日々これ好日

山や自然、音楽が好き。そんな私は色々な事が起きる日々の中で、好き日を過ごす事を考えています。

頼もしき人たち

♪8時ちょうどのあずさ2号で・・・。

わたしは旅立つ。そんな歌に唄われた信濃路へ我々をいざなう中央本線信濃の国へ向かうならば特急あずさ。各駅ならば高尾駅始発の中距離列車に乗り多くの場合は甲府で終点。そこからは数分の乗り継ぎで松本行がバトンを受ける。しかし早朝に一本ある。八王子始発松本行、そんなロングランをする各駅停車が。八王子発6:35だ。

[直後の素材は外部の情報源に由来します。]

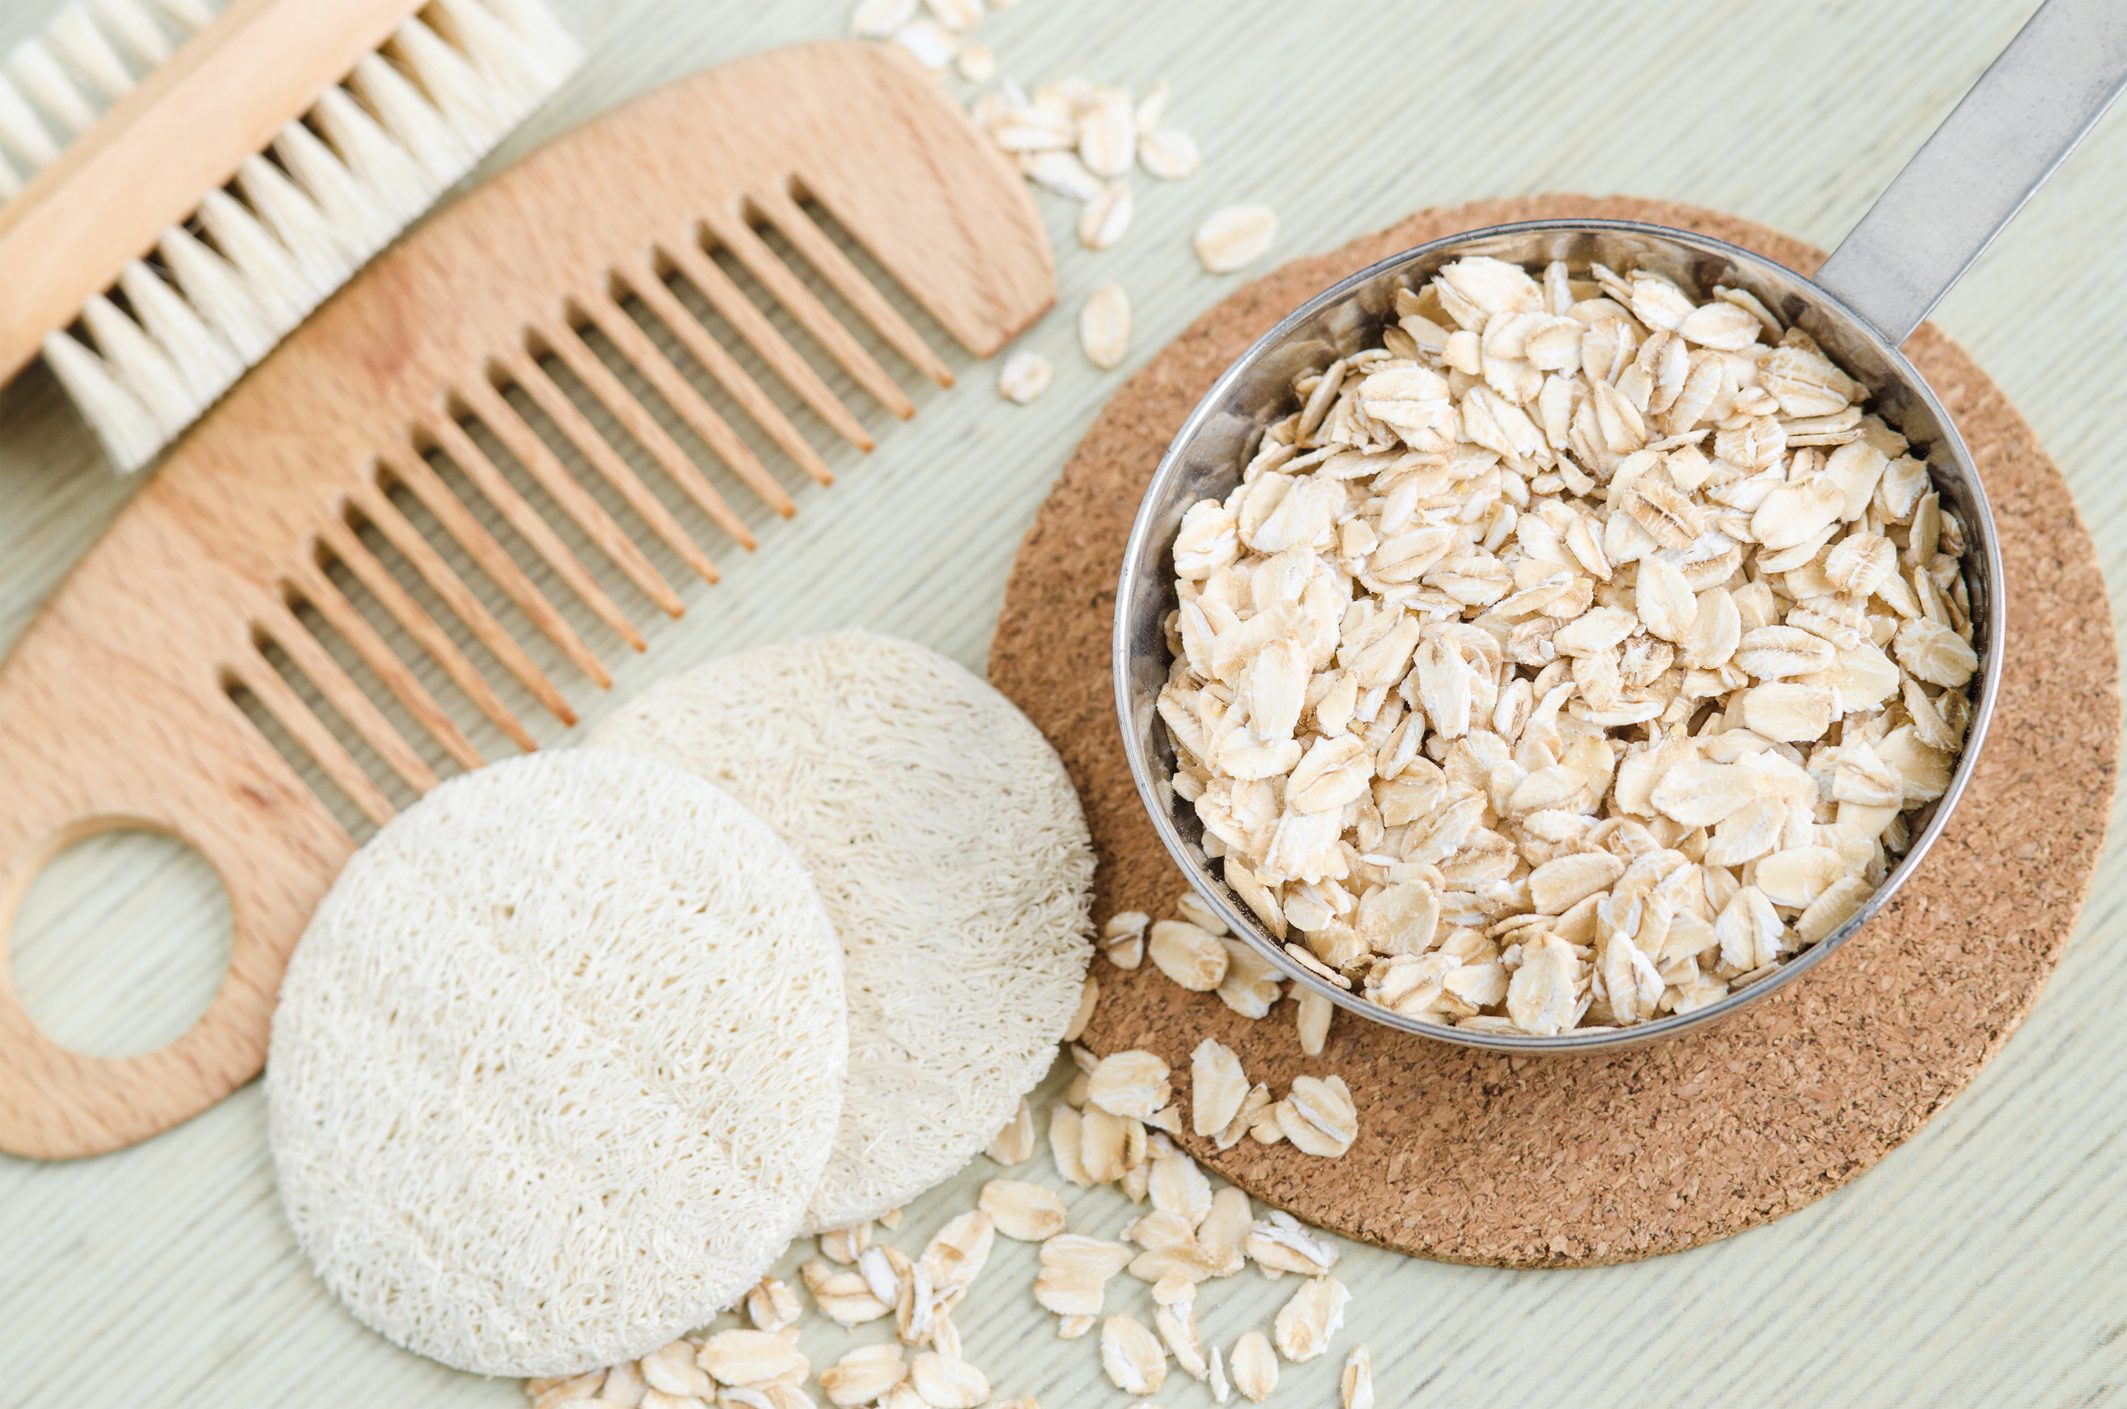 Rolled oats in a small bowl for preparing homemade facial mask and scrub. DIY oatmeal cosmetics.

特急列車の走る路線をわざわざ各駅停車に乗る人。特急が停車する駅に行くのに自分はわざわざそれに乗っていた。それも八王子からくだんの長距離を走る各駅停車だった。特急料金の1000円強が惜しい訳ではない。たっぷり時間があるしなによりも鉄道に乗るのが好きなのだ。こんな列車に乗る人は特急が通過するような小さな駅から山登りをする人か、峠越えのサイクリストか、地元の学生か、勤め人か。そんなもんだろう。

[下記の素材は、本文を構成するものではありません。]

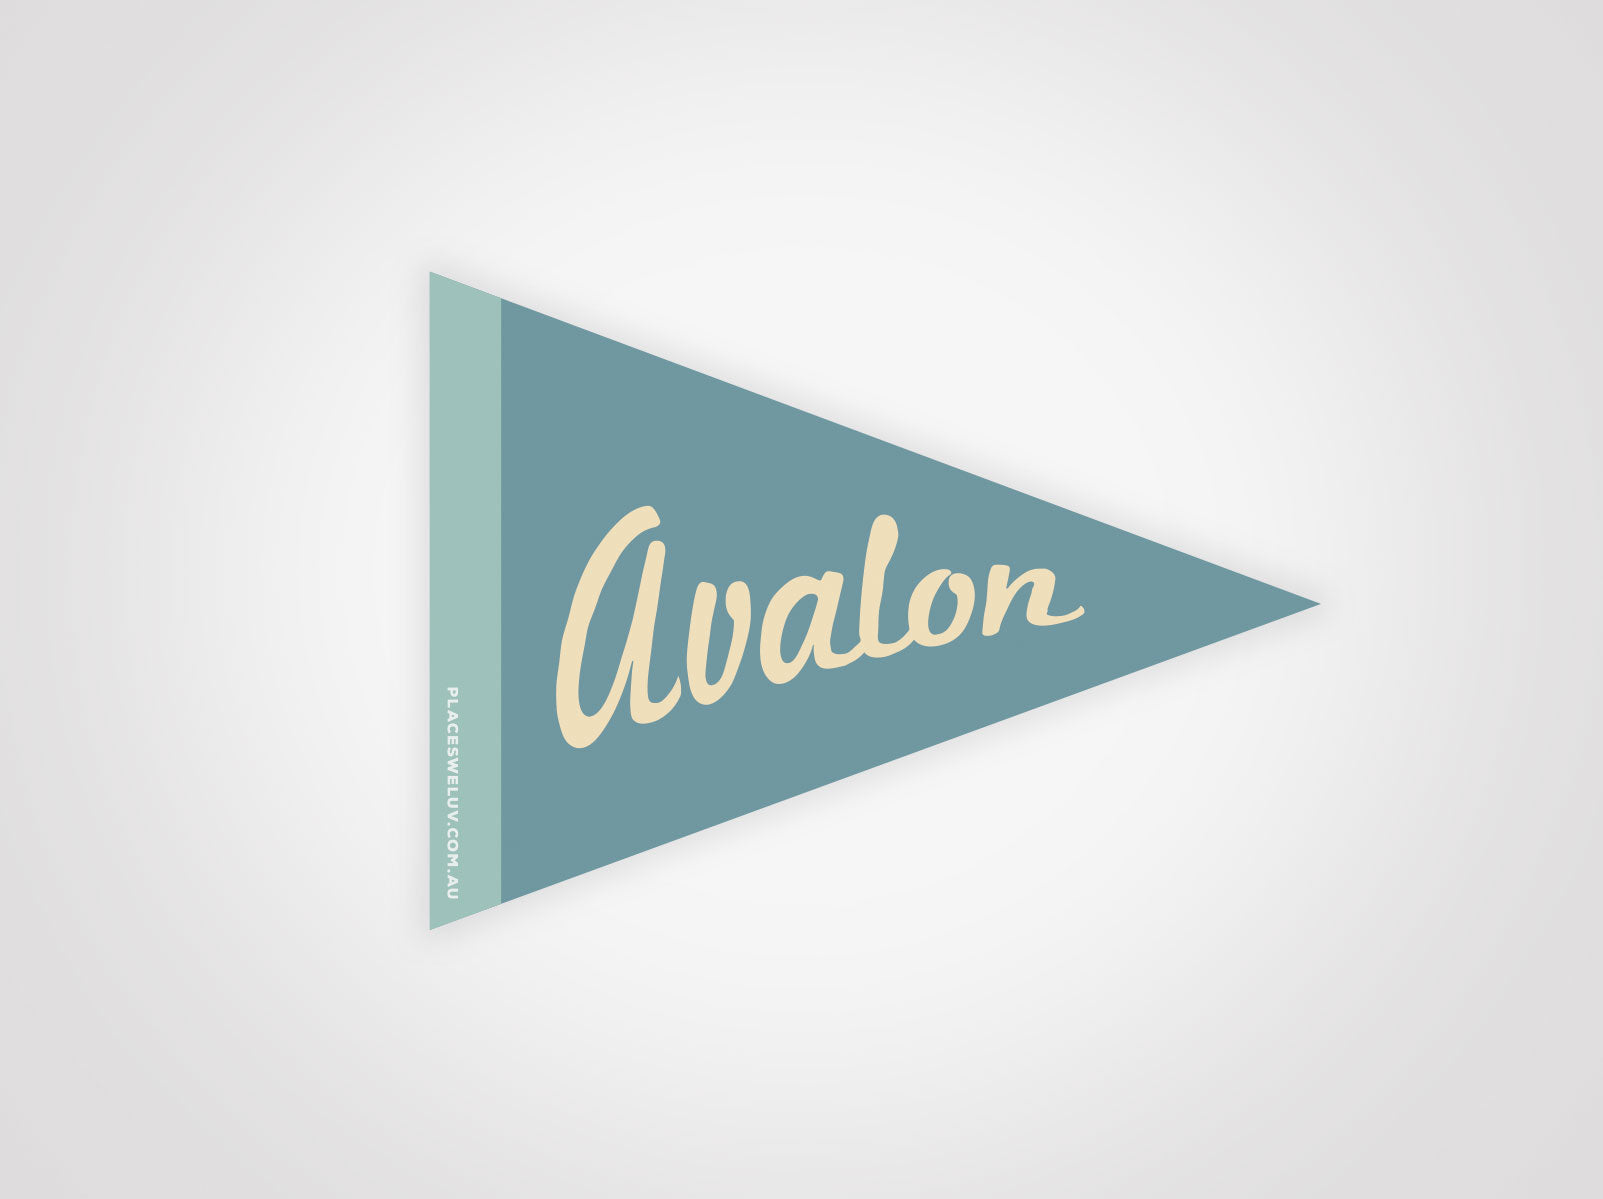 Avalon Vintage travel style Flag decal retro design by place we luv

友と自分は高原に住む友人を訪ね皆で小さな山登りをするために乗っていた。乗り換えなしの長距離電車は気楽だが八王子を朝早く出るのでそれに間に合うためには5時前に自宅を出る必要があった。向かいの座席は中学生男子二人組だった。ポケット時刻表を一人は広げ、もう一人はタブレットを手にしていろいろ相談しあっている。ピンときた。自分と同類だろう。彼が広げている時刻表の路線図は中央本線には無縁の北海道のページだった。留萌本線区間廃線になったね、と言っている。話のきっかけが出来た。ー 北海道も路線減ってこんなになったんだね。 同好の士には十分すぎる声掛けだったようだ。

ー 何処へ行くの?
ー 須原駅です。EF64を見に行くのです。
ー EF64か!貨物列車だね。僕はEF58とかEF65の500番台のファンだけど、EF64もいいね。まだ現役なんだ・・・。
ー EF58、カッコイイですね。

彼らとならいくらでも会話を続けられる。しかし甲斐路に入り甲府辺りへの勤め人で混み始めた車内での会話は取りやめた。甲府で人の大半が降りて、彼らはいつでも運転席が見られるように、と運転台に近い場所に荷物を移した。

特急通過待ちをする高原の駅で運転手さんはホームに出て外の空気を吸っていた。話しかけてみる。なんと、八王子から松本までは乗務員の交代はないんです、と言われた。八王子と松本間は200km近い。長距離の運転だ。ATSなどの仕組みが運転手氏を支えるにせよ、ご苦労な事だと思った。

青春18きっぷを利用しているという中学生たちは塩尻木曽路へ向かう列車に乗り換えるのだろう。須原駅は近くはない。日帰りできないかもしれぬ。木曽の宿で泊まって電気機関車の撮影か。なんとも素敵な事だろう。素敵な春休みになるに違いない。白髪交じり禿げ頭の鉄道ファンとしてはそんな若い彼らが頼もしい。力すら貰えた。良い写真が撮れればいいだろう。早朝の出発で200キロ近い距離を一人運行する運転士さんにもまた頭が下がる。彼のお陰で列車は安全に動いている。

多くの頼もしい人たちがいて、お陰で自分も遠出ができる。・・・短いタイフォンをならして特急「あずさ」が緩い坂道を一気に駆け上って行った。山国の風が残った。若い運転士さんは帽子をかぶり直して乗務員ドアをパタリと閉じた。こちらも車内に戻る。左手には雪の残る懐かしの南アルプスがずらりと並んだ。鳳凰三山から早川尾根そして甲斐駒へ。岩襖を鎧のようにまとう甲斐駒ケ岳の傲然ぶりが際立っている。扉が閉まりゆっくりと電車は加速する。中学生たちは特等席にかぶりつきだった。ここからは緩いカーブが続き電車はモーター音を高めて疾走する。彼らはよく知っているのだ。

自分が降りる駅まであと数駅だ。

時刻表を手にして各駅停車に揺られる。何と楽しい旅なのだろう。そんな中学生を見て嬉しくなり、話の端緒を探したのだ。

各駅停車松本行は日野原駅で退避線路に入線し特急の通過を待つ。乗務員扉を開けてホームに出てきた運転士氏と少し話が出来た。彼のお陰で列車は西へ向かっている。鳳凰三山から甲斐駒への懐かしき南アルプスの風景に見とれる。本線を特急が風と共に駆けていく。運転士氏は帽子をかぶり直して扉を閉めた。さて、出発だ。